### Available records ###

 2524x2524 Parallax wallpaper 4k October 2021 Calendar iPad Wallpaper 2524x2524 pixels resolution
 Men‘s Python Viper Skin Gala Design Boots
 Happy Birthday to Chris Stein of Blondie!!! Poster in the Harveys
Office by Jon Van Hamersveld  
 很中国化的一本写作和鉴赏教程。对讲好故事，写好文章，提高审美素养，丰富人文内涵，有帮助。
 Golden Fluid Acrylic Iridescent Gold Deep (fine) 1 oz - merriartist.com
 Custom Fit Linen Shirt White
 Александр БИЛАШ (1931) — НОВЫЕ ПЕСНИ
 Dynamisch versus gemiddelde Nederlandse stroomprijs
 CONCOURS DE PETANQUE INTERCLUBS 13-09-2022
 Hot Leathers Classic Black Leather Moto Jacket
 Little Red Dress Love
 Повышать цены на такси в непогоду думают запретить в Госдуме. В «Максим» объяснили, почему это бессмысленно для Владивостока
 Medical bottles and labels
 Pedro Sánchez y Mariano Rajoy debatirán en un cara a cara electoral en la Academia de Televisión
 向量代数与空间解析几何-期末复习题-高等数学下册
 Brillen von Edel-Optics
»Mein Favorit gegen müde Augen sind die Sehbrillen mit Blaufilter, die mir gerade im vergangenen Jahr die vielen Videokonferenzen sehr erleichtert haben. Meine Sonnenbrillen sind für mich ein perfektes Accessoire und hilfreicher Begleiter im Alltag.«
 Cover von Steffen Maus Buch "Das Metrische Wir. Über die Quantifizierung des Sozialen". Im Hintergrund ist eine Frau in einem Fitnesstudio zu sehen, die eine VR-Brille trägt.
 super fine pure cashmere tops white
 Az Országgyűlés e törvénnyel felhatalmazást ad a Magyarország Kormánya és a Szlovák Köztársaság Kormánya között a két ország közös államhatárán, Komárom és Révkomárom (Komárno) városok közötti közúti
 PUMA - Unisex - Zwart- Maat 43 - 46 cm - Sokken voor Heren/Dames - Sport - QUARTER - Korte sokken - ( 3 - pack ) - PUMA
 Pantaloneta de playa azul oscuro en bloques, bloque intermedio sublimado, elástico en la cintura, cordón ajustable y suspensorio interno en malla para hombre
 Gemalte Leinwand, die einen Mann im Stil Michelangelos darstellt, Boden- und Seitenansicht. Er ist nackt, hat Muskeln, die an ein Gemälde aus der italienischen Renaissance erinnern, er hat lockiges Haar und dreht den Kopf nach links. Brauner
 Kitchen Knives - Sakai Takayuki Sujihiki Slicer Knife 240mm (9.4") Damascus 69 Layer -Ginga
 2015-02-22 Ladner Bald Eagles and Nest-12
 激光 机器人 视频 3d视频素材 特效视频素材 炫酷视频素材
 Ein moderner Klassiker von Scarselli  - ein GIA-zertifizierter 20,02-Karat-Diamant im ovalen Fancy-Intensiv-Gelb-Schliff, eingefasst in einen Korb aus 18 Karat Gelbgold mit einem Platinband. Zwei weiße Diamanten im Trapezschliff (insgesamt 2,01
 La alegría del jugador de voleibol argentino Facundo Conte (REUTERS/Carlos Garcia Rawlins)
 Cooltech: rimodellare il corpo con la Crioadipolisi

###

__What this task involves__
From the line containing "激光 机器人 视频 3d视频素材 特效视频素材 炫酷视频素材" down to the last line of the material, each line is to be retyped exactly; no other lines belong in the answer.

__Answer section__
 激光 机器人 视频 3d视频素材 特效视频素材 炫酷视频素材
 Ein moderner Klassiker von Scarselli  - ein GIA-zertifizierter 20,02-Karat-Diamant im ovalen Fancy-Intensiv-Gelb-Schliff, eingefasst in einen Korb aus 18 Karat Gelbgold mit einem Platinband. Zwei weiße Diamanten im Trapezschliff (insgesamt 2,01
 La alegría del jugador de voleibol argentino Facundo Conte (REUTERS/Carlos Garcia Rawlins)
 Cooltech: rimodellare il corpo con la Crioadipolisi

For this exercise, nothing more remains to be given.